A very important question to ask providers at a national level is how they define “frequent painful events” since they are the ones making the decision at the patient’s bedside about whether hydroxyurea is indicated. A recently conducted study found lack of consensus on the definition of frequent pain amongst pediatric SCD providers. Forty-two percent of providers used only pain requiring hospitalization as criteria for prescribing hydroxyurea whereas 44% accounted for pain both at home and in the hospital when prescribing hydroxyurea.34

In order to promote the utilization of hydroxyurea, a consensus definition for “frequent painful events” in SCD should exist. This definition should account for all the available pain literature in SCD, including pain managed both in and out of the hospital. We must educate all providers to ask patients about pain experienced at home since this is clearly underreported and is a very important measure of a patient’s disease severity. It is also vital to know how this pain is impacting the daily lives of patients and if functional impairment is occurring from this pain. Importantly, interventions aimed at decreasing the frequency of painful events require a common definition taking into account what happens in patients lives both in and out of the hospital or clinic. The lack of a consensus definition accounting for all available SCD pain literature will continue to be a barrier to the prescribing of hydroxyurea where patients that truly may benefit will not be offered the drug.
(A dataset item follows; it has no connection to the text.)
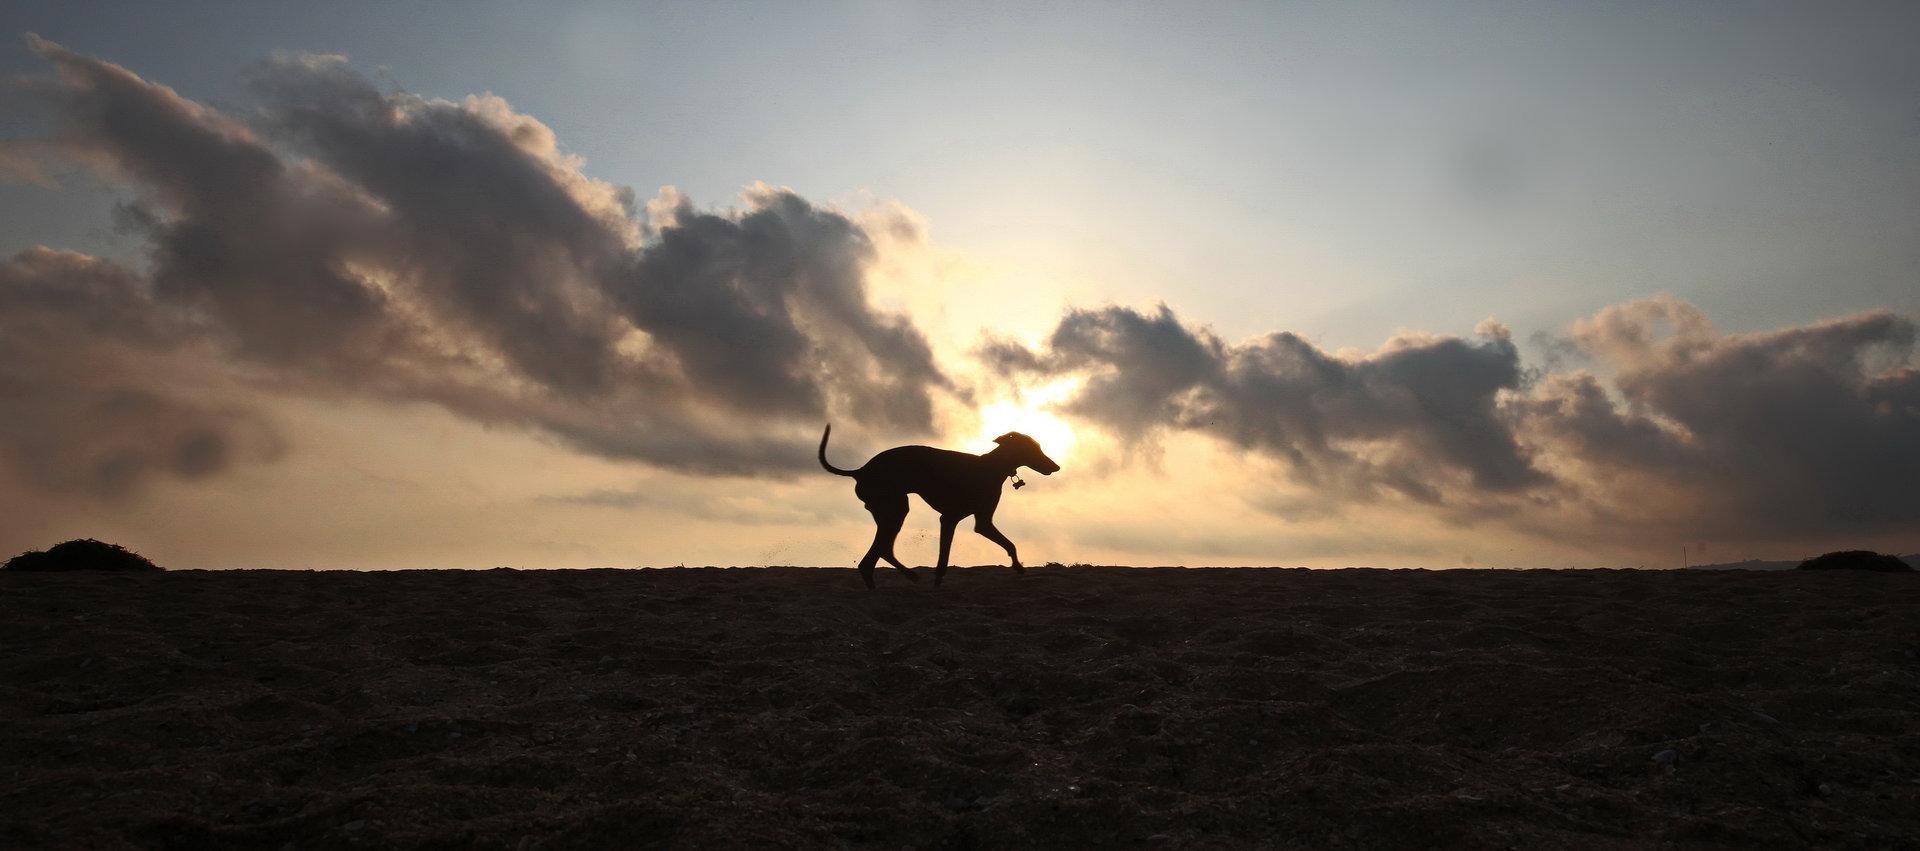 Photo in Everything else   Author rumen somov - carnivore   PHOTO FORUM

Patient-reported Outcomes are an Ideal Way to Measure the Functional Impact of SCD

Incorporating the patient’s perspective of his/her own disease is vital to the full assessment of patients who may benefit from hydroxyurea. Patient reported outcomes (PROs) such as health-related quality of life assessments aimed at assessing well being of the patient are an ideal method for determining which patients may benefit from hydroxyurea treatment when they are used in conjunction with medical indications.35 PROs are able to assess the extent of the disease’s impact on the function of the patient from a physical and psychosocial aspect. In addition, PROs are an ideal way to assess patients who suffer from chronic pain managed at home for whom hydroxyurea may be indicated and would otherwise be missed if only pain events treated with parenteral narcotics in a medical setting are accounted for.7

What are the risks of Hydroxyurea?

What we know about the risks of hydroxyurea in patients with SCD

Hydroxyurea has been in use for over 25 years in patients with SCD.36 Given that, it is well known in patients with SCD that hydroxyurea use is associated with cytopenias. This most commonly involves neutropenia but there may also be associated thrombocytopenia and worsening anemia.16 The cytopenias are reversible upon cessation of the drug and hydroxyurea can often be tolerated using decreased doses in those patients who have experienced cytopenia as a side effect. In addition, patients may experience nail or skin changes most often involving hyperpigmentation.

What we are learning or need to know more about in patients with SCD who are taking hydroxyurea

Male patients with SCD may have abnormal spermatogenesis or abnormal semen parameters.3739 Recently, concern has been raised that this may be due to the use of hydroxyurea in male patients.40 However, there currently are insufficient data to conclude whether there is or is not an independent association between sperm quality and hydroxyurea use in male patients with SCD who are taking the drug separate from the effect of SCD alone on male spermatogenesis. In addition, there have been concerns that hydroxyurea use in females may cause teratogenesis in the fetal offspring. There have been no reports of this in humans in the literature but there are insufficient data to conclude there is no association and that it is safe to take hydroxyurea during pregnancy.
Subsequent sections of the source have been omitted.